Мы оказались в помещении с зелеными обоями и красивым гипсовым бордюром под потолком. Огонь в камине не горел, но комната была теплой и ярко освещенной, с сияющими лампами и картинами в позолоченных рамах. В центре висела мерцающая люстра. Это была самая прекрасная комната, какую мне доводилось видеть, и там было полно людей. Я предполагала, что мы будем одни, – возможно, с вереницей кормилиц, забирающих детей, которым суждено остаться, но вдоль стен стояло много людей, главным образом женщин, которые обмахивались веерами и с любопытством приглядывались к нам. Он были очень хорошо одеты и явно интересовались нами. Такие женщины могли бы сойти с картин, развешанных на стенах; на их шеях сверкали драгоценные ожерелья, а юбки с кринолинами были яркими, как тюльпаны. Их волосы были высоко заколоты и щедро напудрены. Среди них было несколько мужчин, пузатых джентльменов в сюртуках и туфлях с серебряными пряжками. Они были совсем не похожи на Эйба в его поношенном тускло-коричневом пиджаке, напоминающем мешок для кормежки лошадей. Мужчины казались более суровыми, и многие из них откровенно рассматривали девушку-мулатку, как будто она была выставлена на продажу. В руках, обтянутых лайковыми перчатками, они держали маленькие лорнеты, и я поняла, что для них это нечто вроде светской забавы.

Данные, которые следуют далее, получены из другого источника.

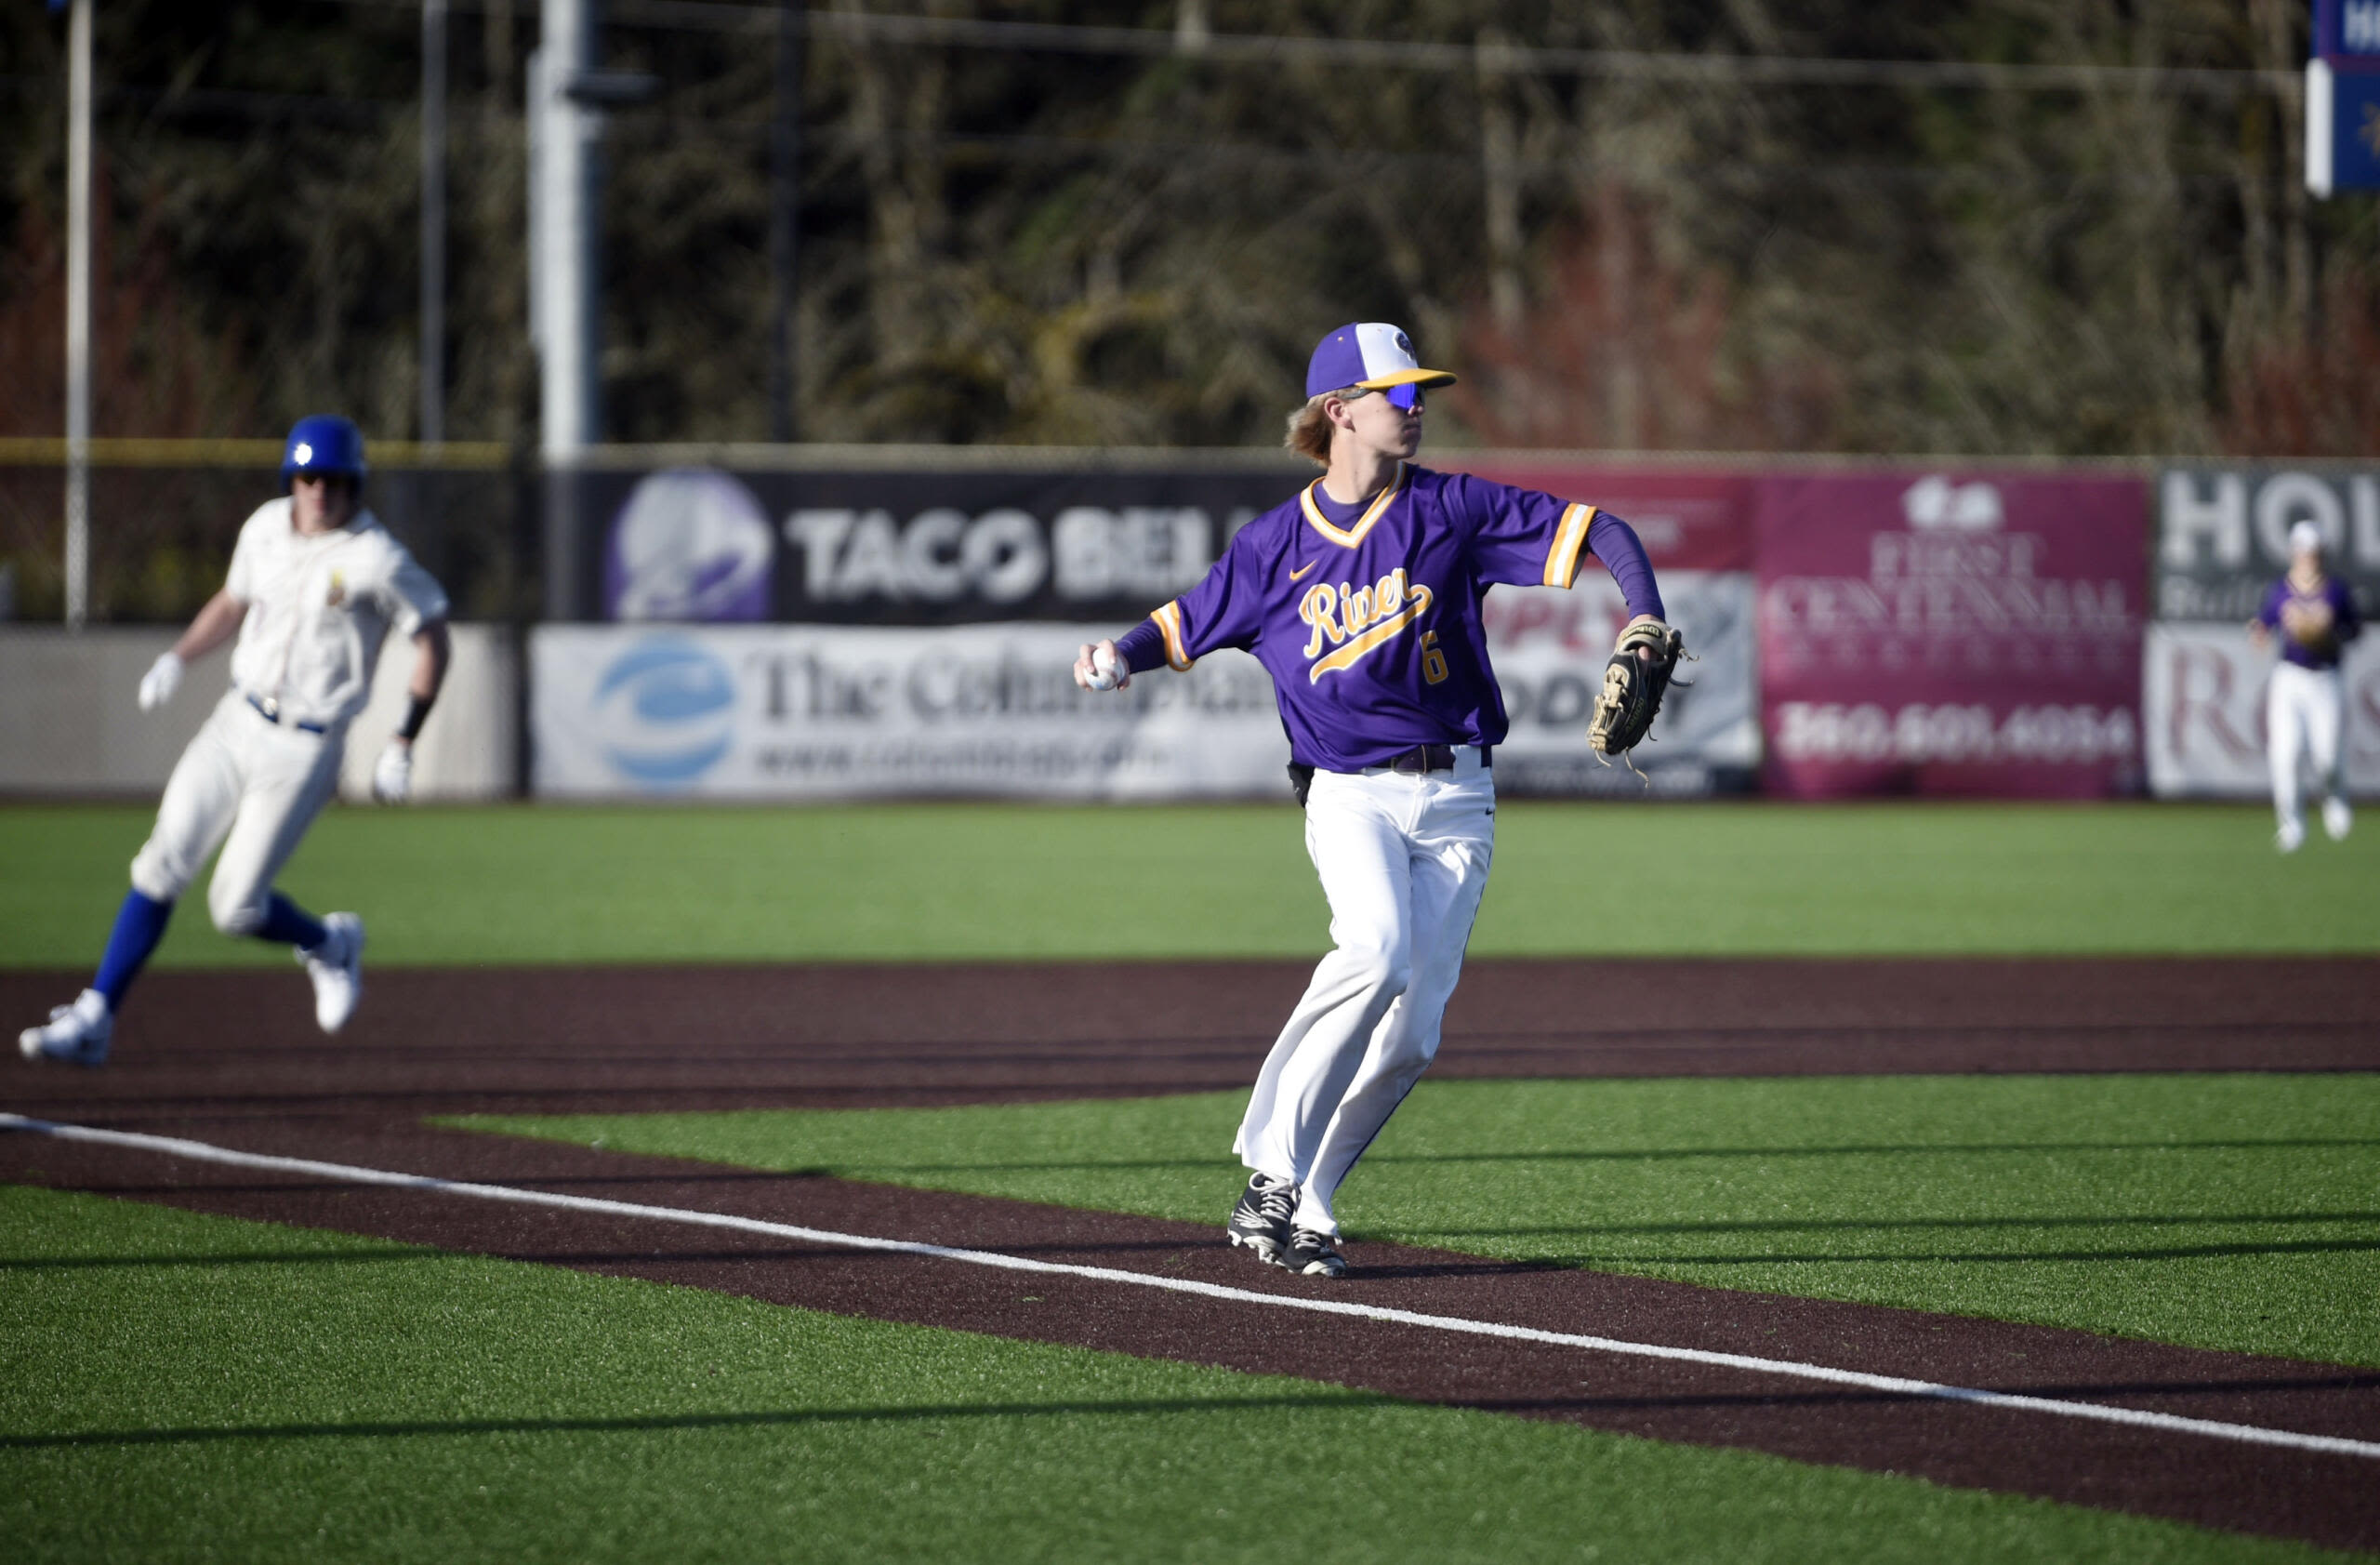 2A district baseball: Nate Little’s walk-off RBI single gives Columbia River state-clinching win over Tumwater

У меня продолжалось кровотечение. Клара родилась сегодня утром перед рассветом, и сейчас боль непрерывно терзала меня. Я и одного дня не пробыла матерью, но знала мою дочь, как саму себя: ее запах, легкое биение ее сердца, которое недавно билось внутри меня. Еще до того как ее извлекли из меня, красную и писклявую, я знала, как она будет выглядеть и какой тяжелой она будет у меня на руках. Я надеялась, что ее заберут у меня, и одновременно надеялась, что этого не случится. Я думала о морщинистом лице Эйба, о его опущенном взгляде и мозолистых руках, придерживавших мне дверь. Он был единственным отцом в этой комнате. Большинство женщин пришли одни, но некоторые привели с собой подруг, сестер или матерей, имевших несчастный вид. Эйб избегал моего взгляда и почти ничего не сказал во время нашей медленной и печальной прогулки из округа Олд-Бейли-Корт, где мы жили, но его присутствие было желанным, как дружеское объятие. Когда он потянулся за пиджаком и сказал, что пора выходить, я едва не расплакалась от облегчения; я не ожидала, что он пойдет со мной.
По комнате пробежал шепоток, когда человек, стоявший перед огромным камином, обратился к собравшимся. Его голос был густым и бархатистым, как дорогой ковер. Я смотрела на люстру, пока он рассказывал об устройстве лотереи: белый шар означал, что ребенок принят, черный шар означал отказ, а красный шар означал, что нужно подождать, пока ребенок не пройдет медицинский осмотр. От размышления об этом у меня закружилась голова.
– Всего есть двадцать белых шаров, десять черных и пять красных, – сказал мужчина.